それから


 十年の歳月が流れた。


  ***


 ある山の奥、ある深い深い森の中。


「いたぁーーーーーーーーーーーーっ!!」


 少女は、ふたたび獣と出会った。


 中原なかはら結智ゆち、十六歳の夏のことだった。



 十年前とまったく変わらない。いや、わずかに毛並みの色つやが鈍くなったような気がする。でもさすがに、そんなに鮮明に覚えているわけではない。記憶のほうがあやふやなだけかもしれない。


 そんなことを考えながら、まったく怯えることもなく、結智は獣の傍らに腰を下ろした。
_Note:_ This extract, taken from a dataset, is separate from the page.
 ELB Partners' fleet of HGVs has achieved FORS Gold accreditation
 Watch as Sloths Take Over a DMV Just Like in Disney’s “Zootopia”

 獣はと言えば、わずかに目を開けて結智を見たものの、ずっと草の上で身体を丸めたままでいる。


「もーう、ほんとさー」


 結智が話し始める。


「高校生になるまで一人で外出はダメーって、言われててね。いや、本当は高校生でもあんまりダメなんだけどね、ちょっとお目こぼしをもらえるというか」


 背中に、獣の温かさを感じながら。


「施設の人たちも優しいんだけどね、決まりを守らないとすごく怒られるから。3年前、中学の時にも一度挑戦したんだけどね。たどり着けなくて、夜遅くになっちゃって、見つかってめっちゃ怒られたの」


 ぽす、と頭を毛皮に預けて。


「でもね、忘れなかったんだあ」


 獣は静かに耳を立てている。


「ずっと会いたかったから、けものさんに」


 わずかな木漏れ日が結智と獣の姿を照らして。


「夢だったんじゃないか、って思うこともあったよ。いろんな人にそう言われたし。でも絶対夢じゃなかったって、あの時私を助けてくれたのは、けものさんだったって、そうずっと信じてたから……だから私は、ここまで来ました」


 結智が身体をひねって、獣の首に抱き着く。


「大きくなったでしょ」


 獣は結智を拒まない。


「髪も伸びたし、身体も成長したし。それも全部、けものさんのおかげです」


 少し上ずった声で、結智は話し続ける。思いつくままに口を動かす。


「勉強は、苦手です。部活は卓球をやってます。へたっぴだけどね。ちょっとでも運動部で体力つけないと、って思って。この山、登らないといけなかったし。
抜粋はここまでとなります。